The aspects included in the following checklist must be commented on. In case the problem is irrelevant, this must be substantiated. If the listed impacts can be expected to appear, their extent and degree should be estimated. Compare with Part I of this booklet if some questions should be unclear. One should be aware that questionaire checklists like these are not always 100% adequate with regard to all environmental questions which can be relevant to ask. It may therefore be useful to compare the use of the checklist to the use of other analytic tools for project assessment, e.g. logical framework analysis, gender analysis, assessments of socio-cultural and socio-economic conditions, as well as assessment of choice of technology and existing institutional conditions. This may also prove to be necessary to secure an integrated approach to the assessment of the project.
It is necessary to specify which groups of the population will be affected by the different types of direct or indirect environmental impacts. A rough division can be as follows:
· The project's target group. This is the group of the population which one expects will benefit directly from the project. This group may, however, also be subject to certain negative environmental impacts.

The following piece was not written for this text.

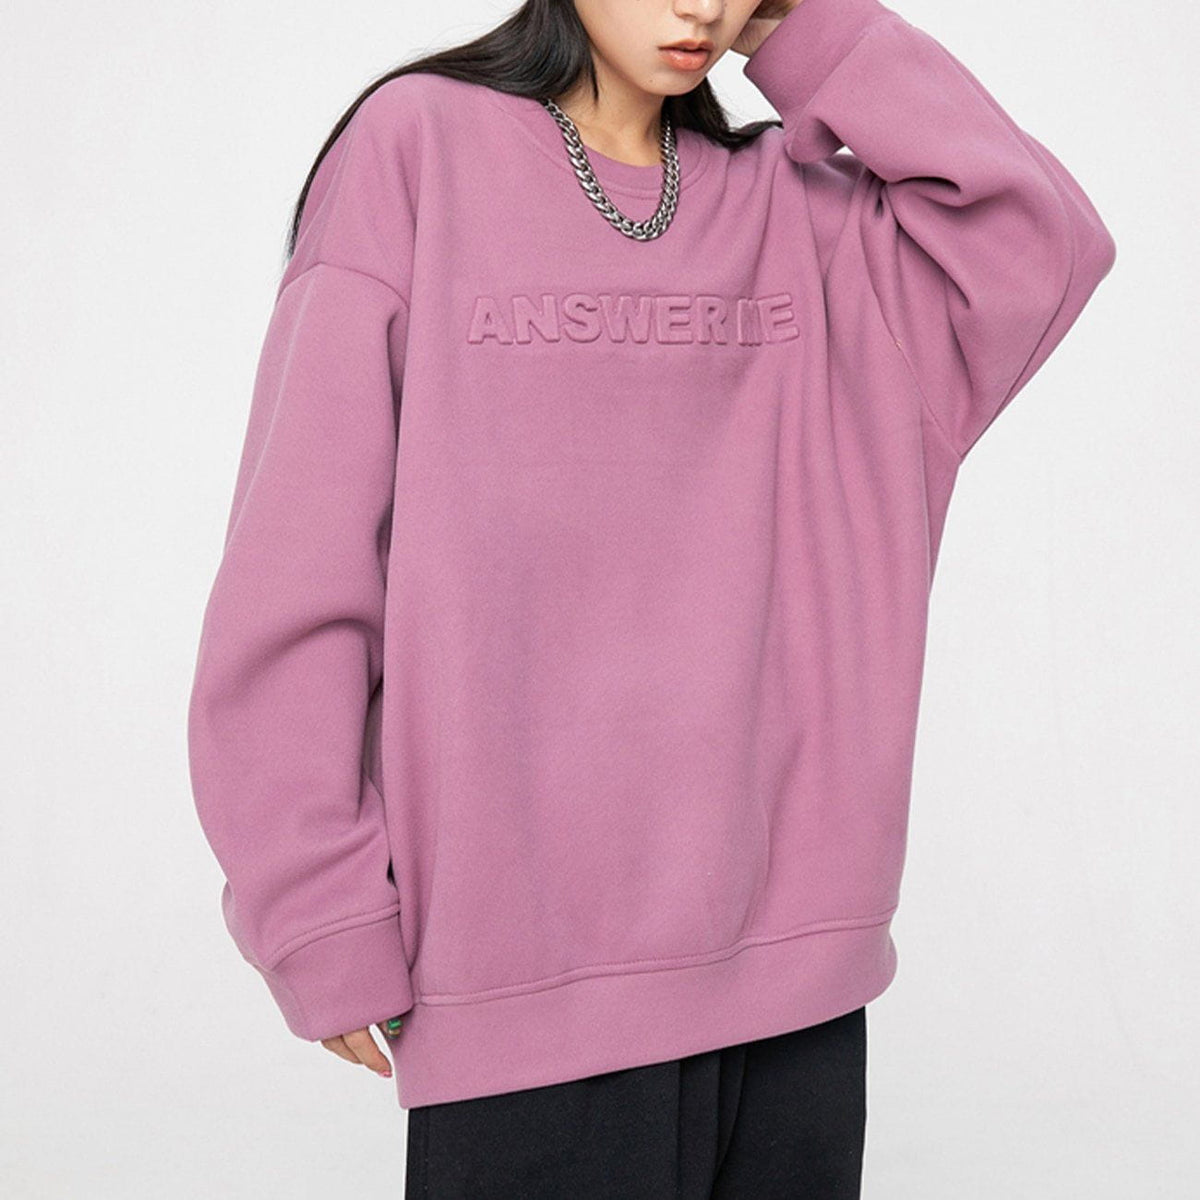 Majesda® - Letter Stamped Sweatshirt outfit ideas streetwear fashion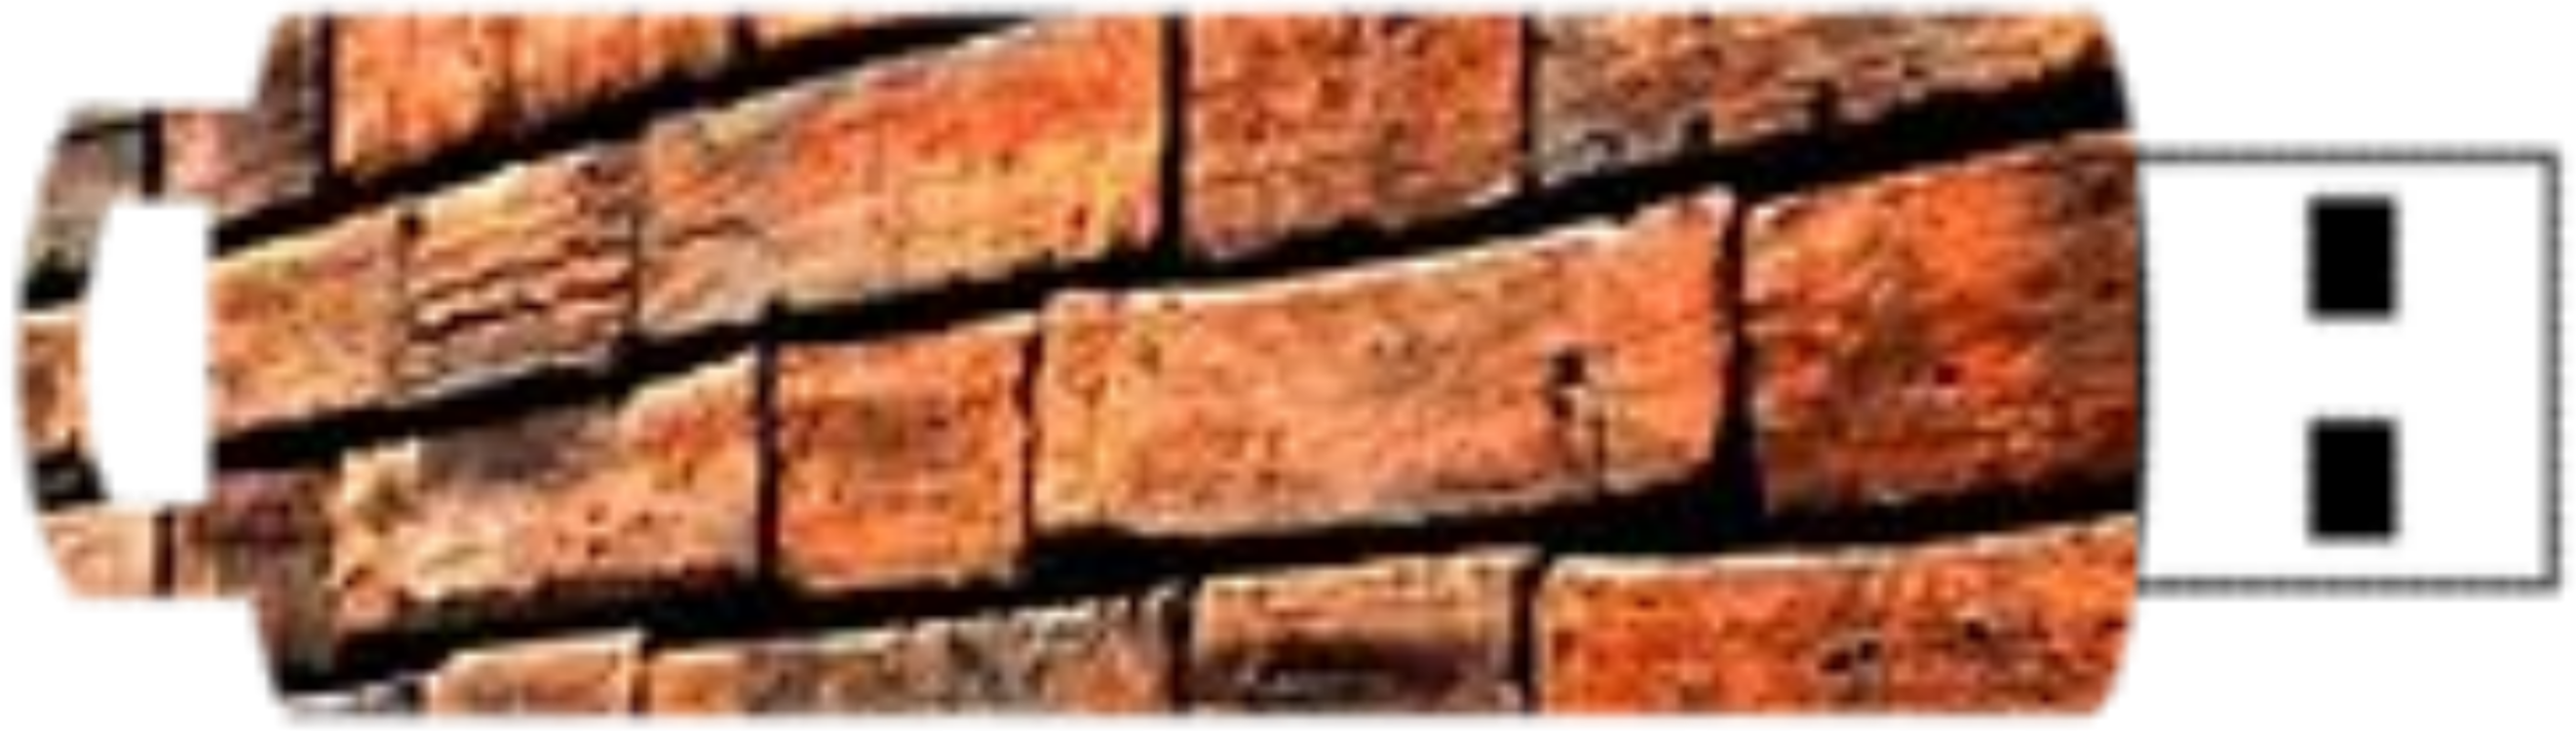 Brickwork,Wall,Text

· The remaining local population. This group will not benefit from the project in any primary way, although both positive and negative consequences may be experienced.
· Resettled population groups. These are groups who either settle in the area or move away from it as a result of the project or the development initiated by it.
Within these three groups it may also be relevant to specify if the environmental impacts from the project can be related to specific parts of the population, such as low-income groups, indigenous groups etc., combined with a further specification of gender and age within these groups.